Especially “offensive,” says Mr O’Dwyer, are “comments by those who suggest the governor's plan will undermine the fight against terrorism. To equate hard-working and productive undocumented immigrants with terrorists is the kind of broad brush bigotry that undermines New York's position as the capital of the world, where diversity should be embraced instead of shunned.
“Instead of criminalizing undocumented immigrants, we should be creating a path to legal residency and citizenship and bring them out of the shadows of economic and social exploitation.”
According to Mr Staudenraus, however, the Spitzer DMV policy “ignores anti-terrorist recommendations of the 9/11 Commission,” violates “the new federal driver’slicense law that sets uniform standards for states to issue licenses, “rewards and encourages illegal immigration,” “facilitates voter fraud through the Motor Voter law, “gives official ID to individuals we know nothing about” and “undermines federal immigration enforcement efforts.”
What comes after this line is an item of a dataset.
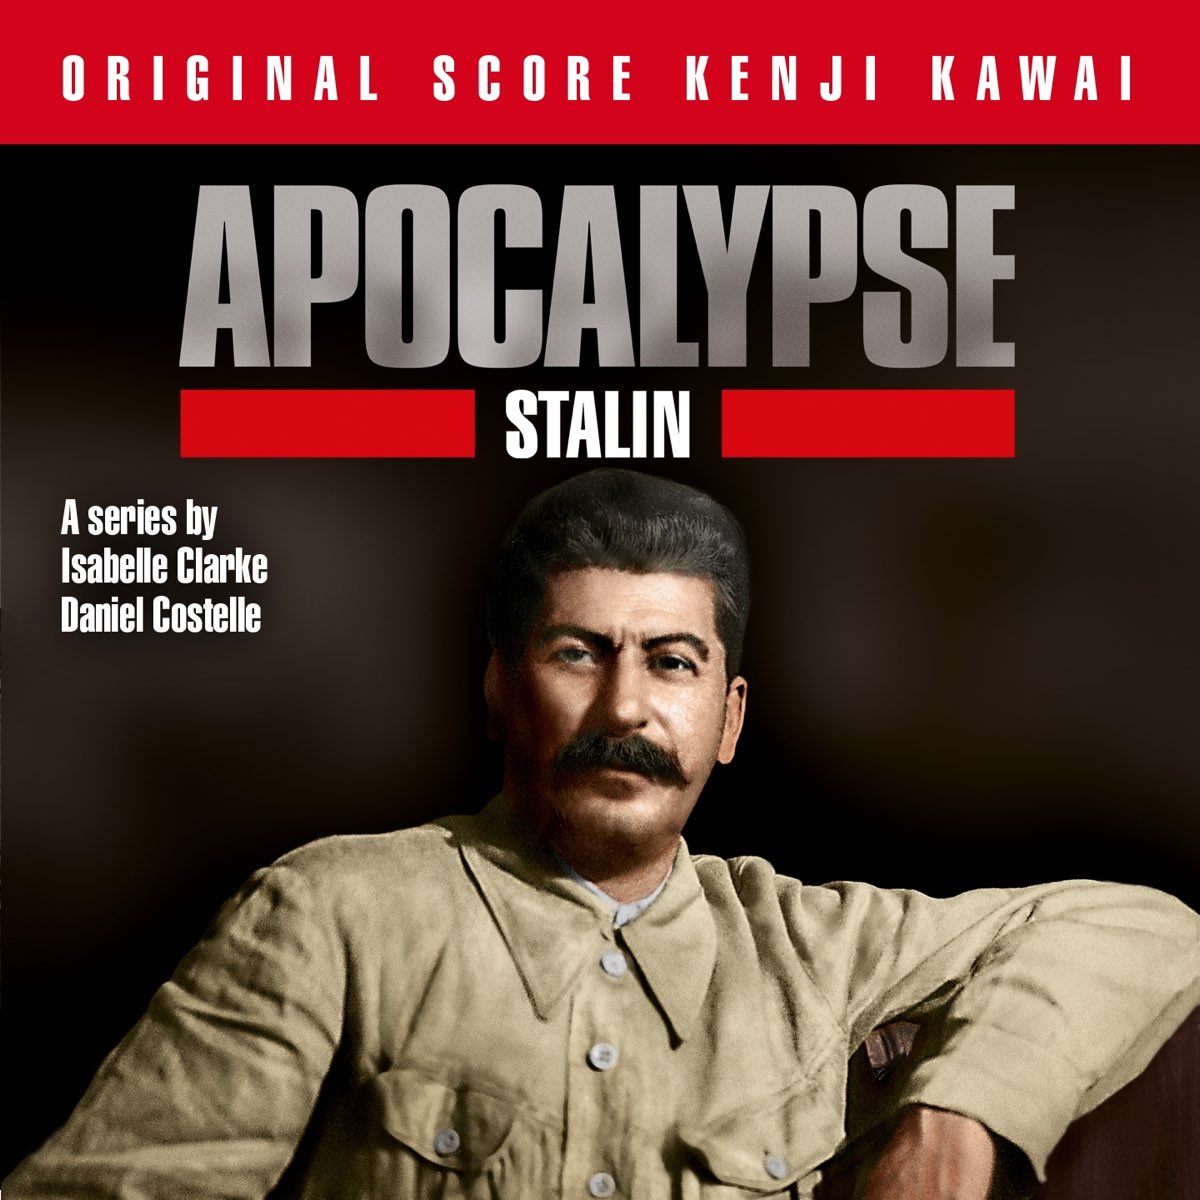 Apocalypse Stalin Isabelle Clarke And Daniel Costelle S Series Original Score By Kenji Kawai On Apple Music
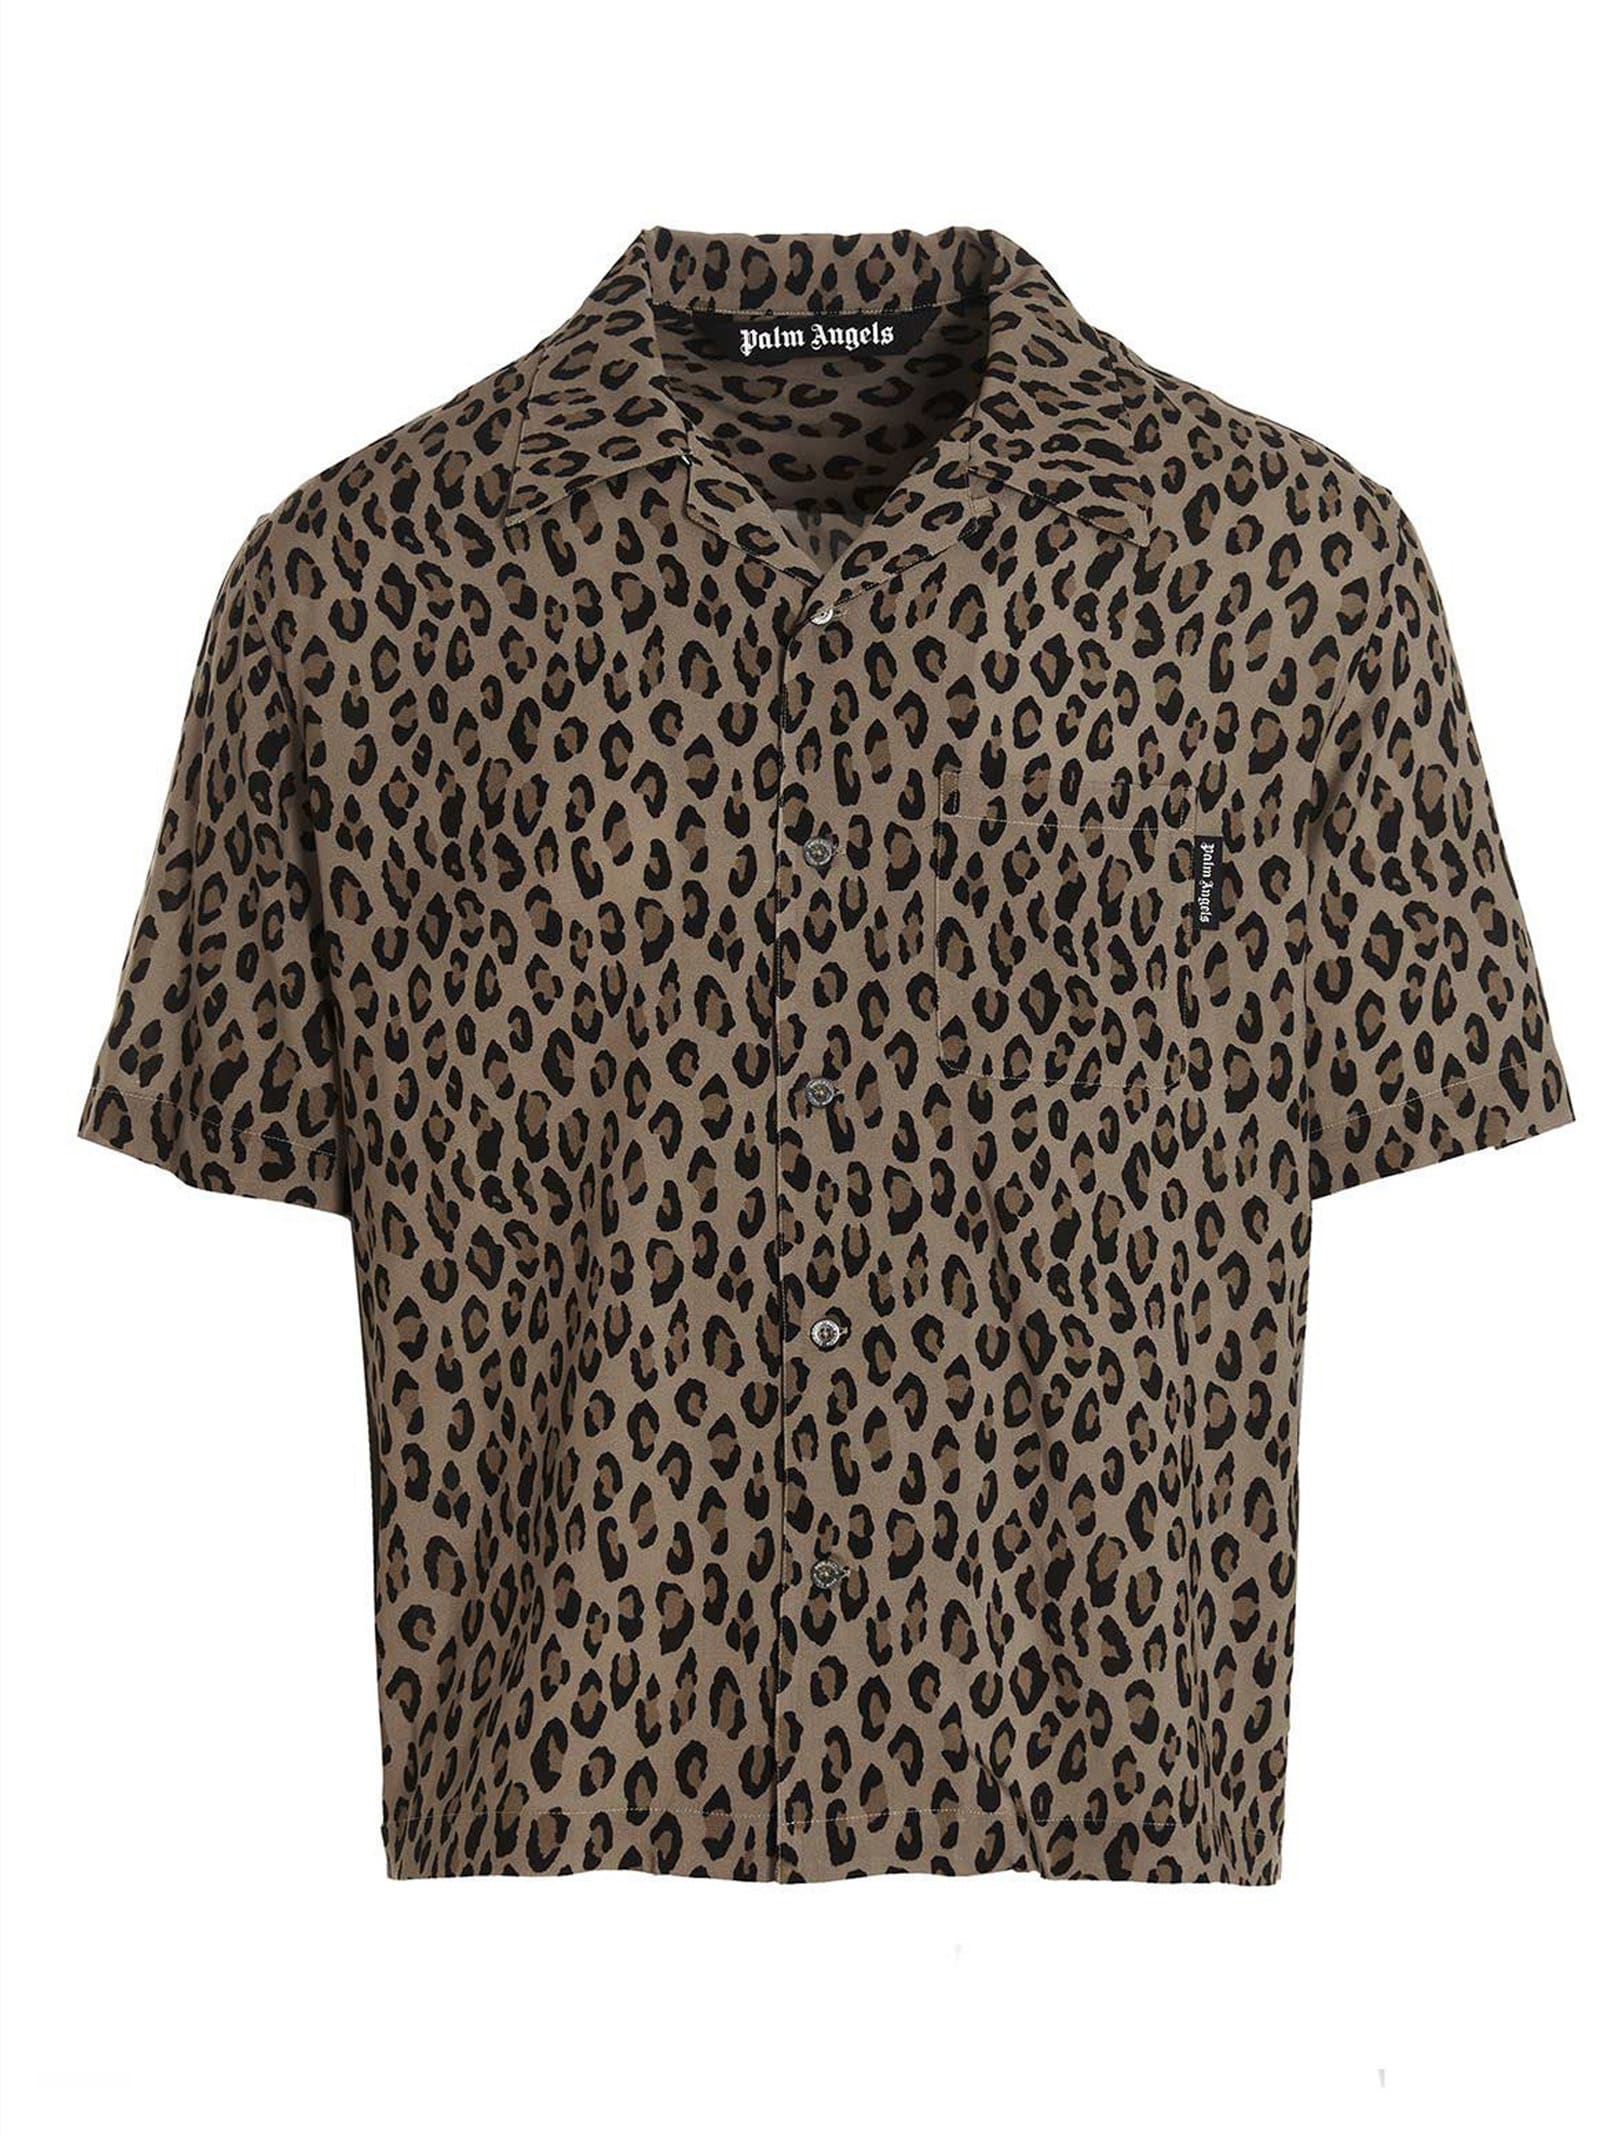 Palm Angels leopard Bowling Shirt

“Foreign terrorists covet a valid driver's license, because it helps them blend into our society.”
“When states suddenly allow illegal immigrants to get a license, DMV offices are flooded with applicants. Under pressure from a big backlog, homeland security will be compromised.”
The governor, says Mr Staudenraus, has “chosen to pull the pin on a political hand grenade that is entirely of his own making.” He proposes to aggravate instead of alleviating the present “illegal immigration crisis.” “Instead of…rewarding illegal aliens with a driver’s license,” Mr Spitzer “should promote sound policies that discourage illegal immigration.”